BIM, sostenibilità e Intelligenza Artificiale alla tavola rotonda della One Team BIM Conference Torino
La One Team BIM Conference di Torino si è conclusa con un confronto stimolante tra esperti del settore, focalizzato sulla digitalizzazione dei processi, l’Intelligenza Artificiale e l’efficienza energetica.
Armando Quazzo, di SMAT, ha messo in luce le sfide dell’applicazione del BIM nelle utility, dove la mole di interconnessioni da gestire è estremamente elevata e l’inserimento di strumenti di innovazione non sempre viene accolto con ottimismo dagli addetti ai lavori.

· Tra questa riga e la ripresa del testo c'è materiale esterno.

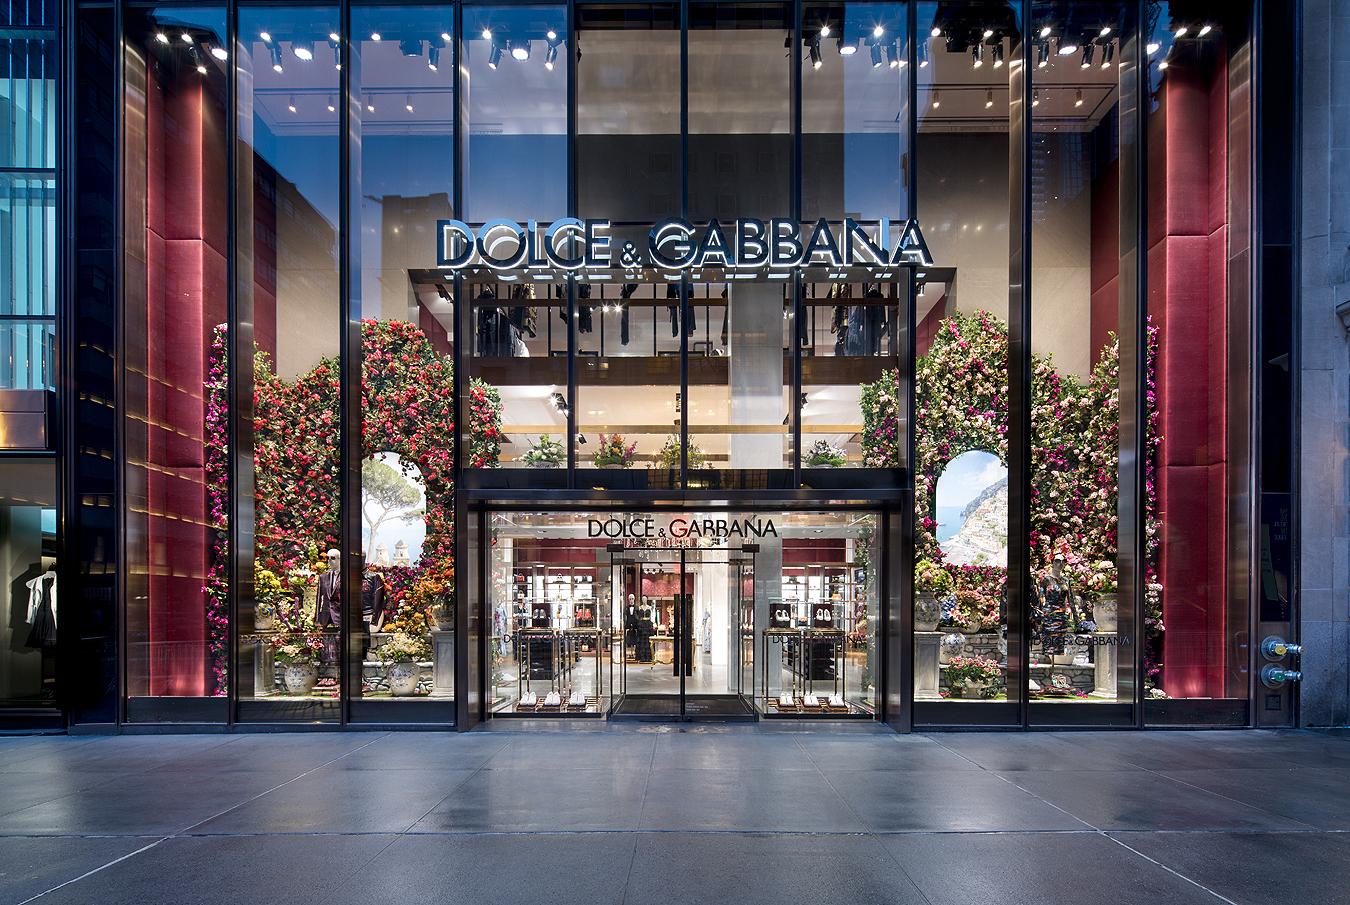 Tony_Ward_Studio_Dolce_Gabbana_store_NYC_Photo_Luca_ Pioltelli_copyright_2018_picture
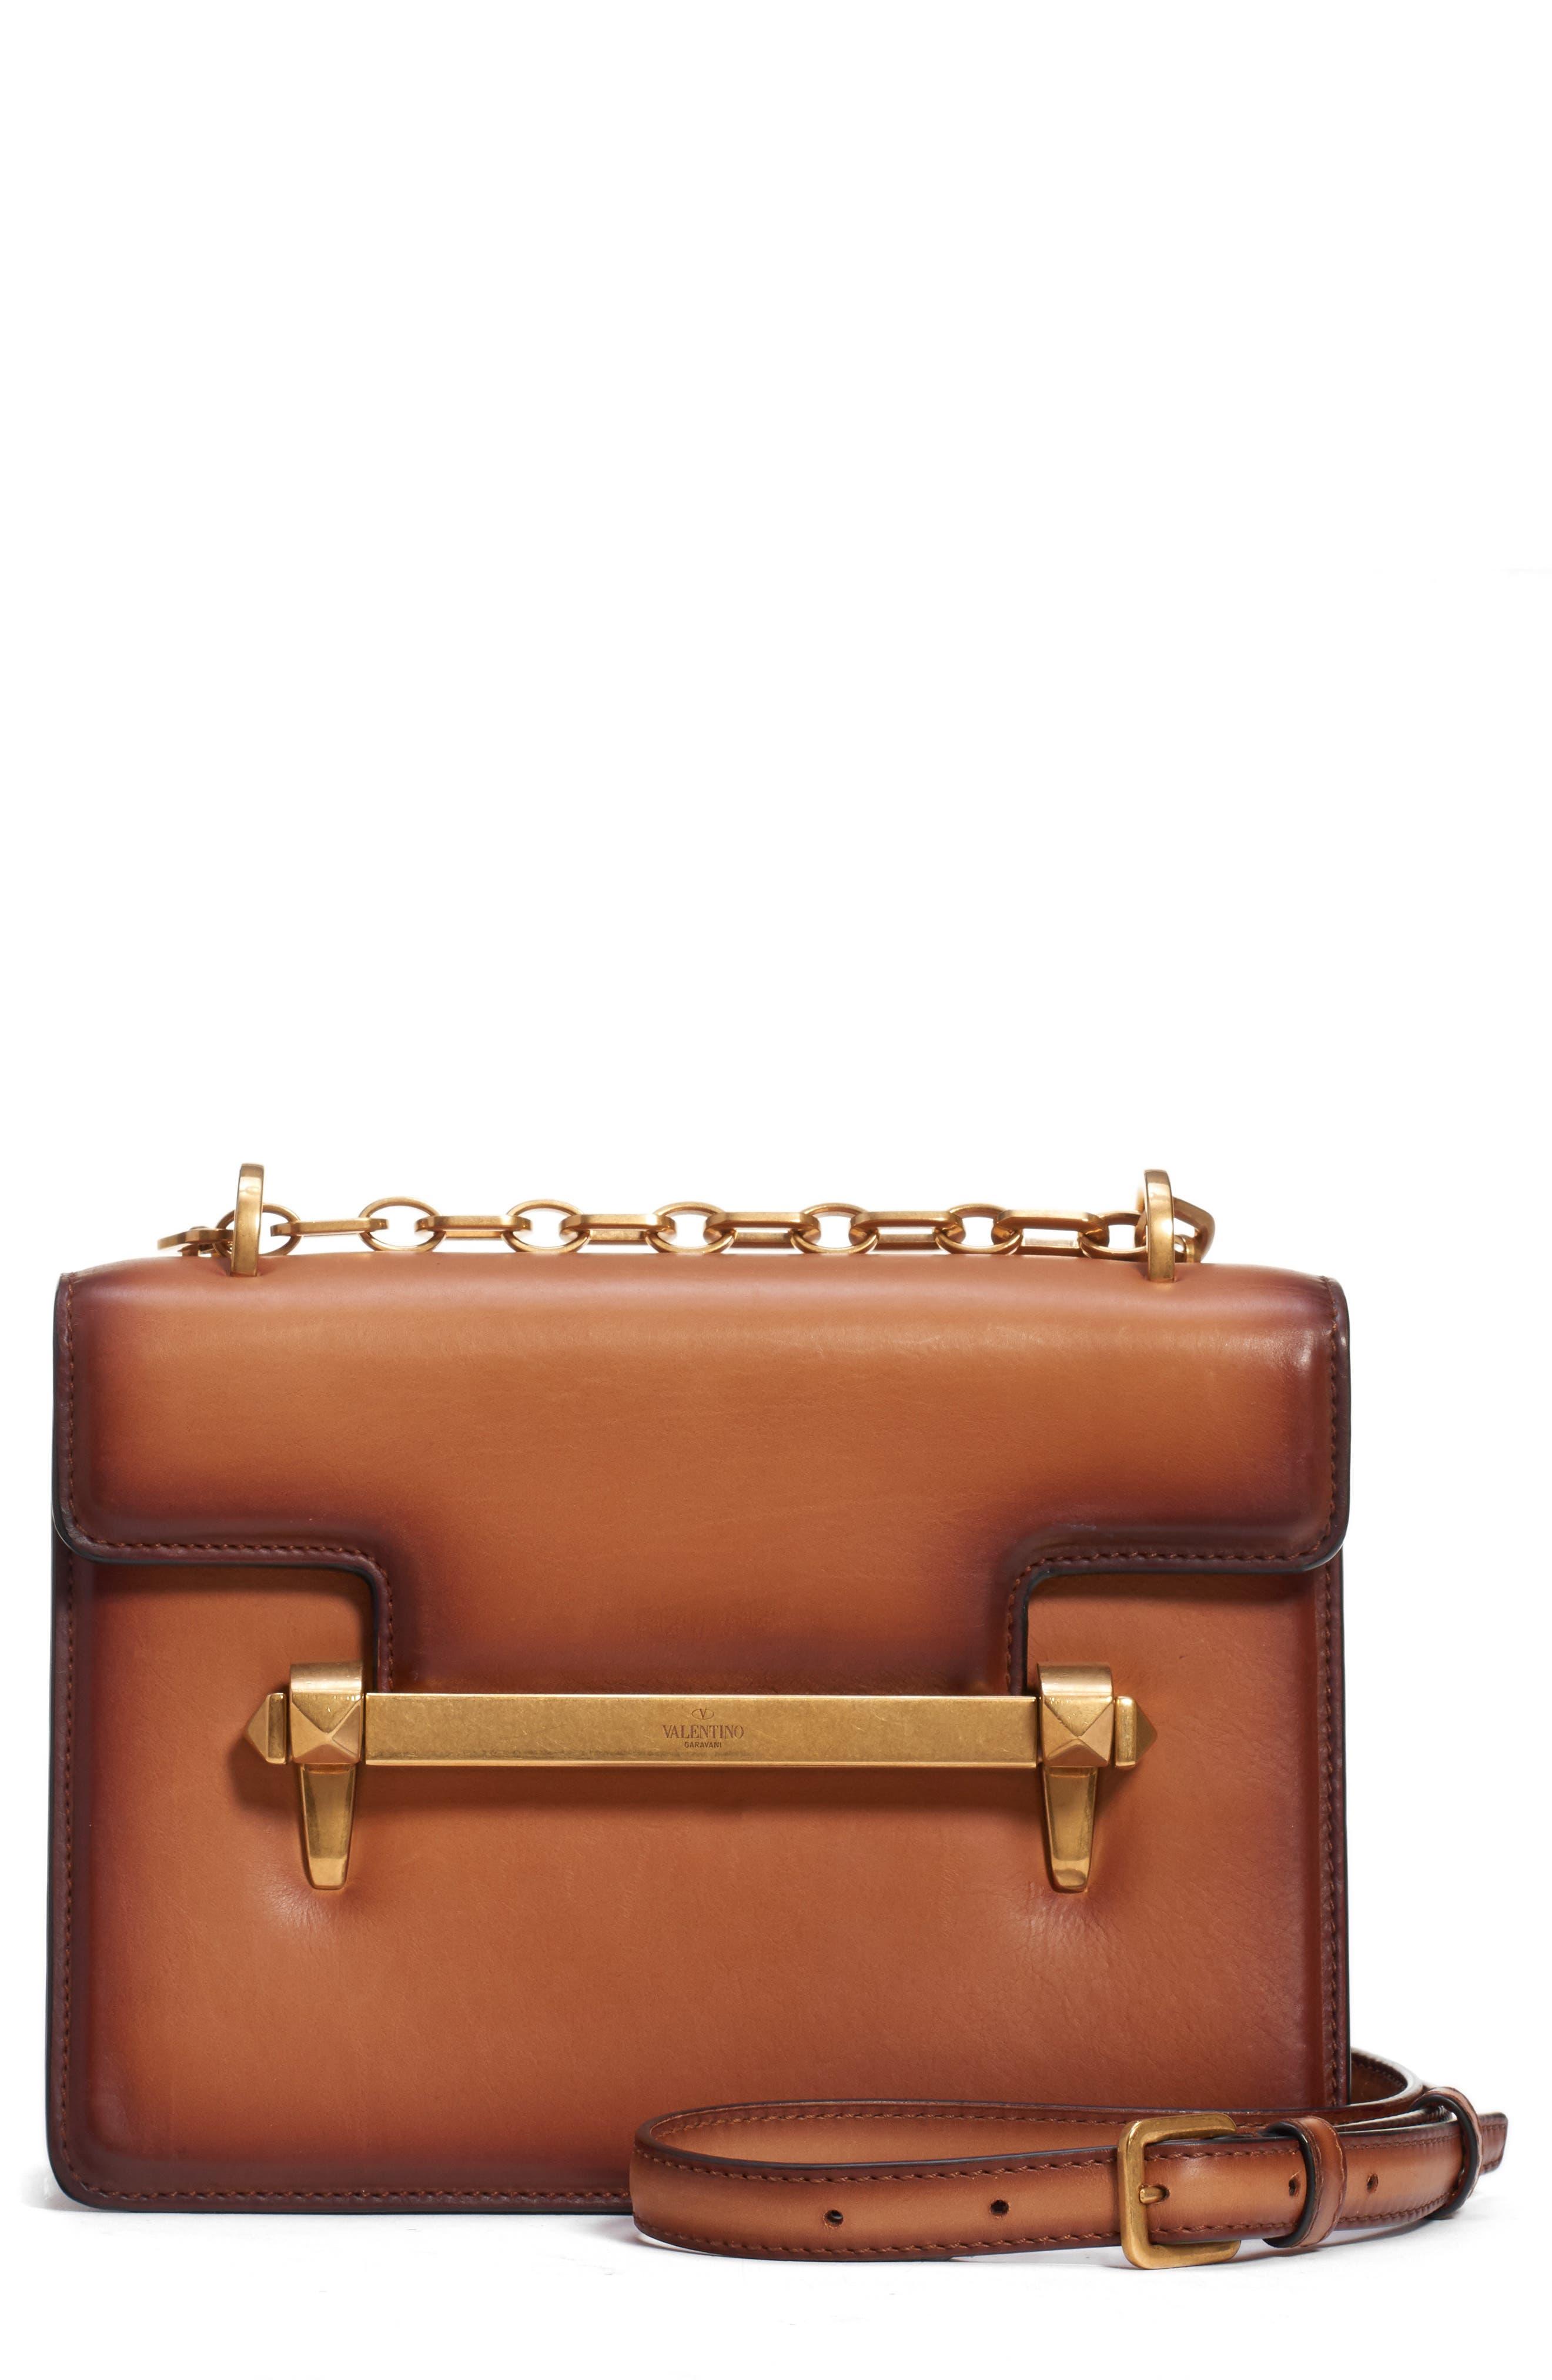 VALENTINO GARAVANI,                             Small Uptown Leather Shoulder Bag,                             Main thumbnail 1, color,                             BRIGHT COGNAC

Adriano Castagnone ha presentato le novità digitali di ASSOBIM, che spaziano dall’integrazione dell’AI, con un ChatBot verticalizzato dedicato al mondo BIM, al lancio di “Marketplace BIM Solution”, una piattaforma in cui i soci possono inserire le schede merceologiche dei propri prodotti al fine di incontrare potenziali acquirenti.
Francesco Semeraro, di ANAS, ha commentato la percezione della digitalizzazione dei processi all’interno una società appaltante come la propria, evidenziando i vantaggi economici del BIM per l’intero ciclo di vita delle opere, ma anche le difficoltà legate all’uso obbligatorio dei formati aperti. Dal suo punto di vista, la sfida più importante che ANAS si trova oggi ad affrontare è integrare nei modelli informativi sia la gestione delle informazioni che la contabilizzazione dei lavori, creando un flusso continuo tra progettazione e realizzazione.
Salvatore D’Alfonso ha esposto il livello di adozione del BIM nel settore delle costruzioni, già diffuso tra appaltatori e progettisti, evidenziando come la duplice esperienza, sia francese che italiana, consenta a TELT applicazioni innovative in ambedue i contesti.
In chiusura, Gioele Lauro ha parlato dell’implementazione del BIM attraverso progetti pilota per creare una base comune in azienda, puntando sul valore aggiunto più che sulla normativa. Infine, ha sottolineato che l’IA ad oggi viene utilizzata senza una strategia strutturata, con una gestione ancora manuale dei dati.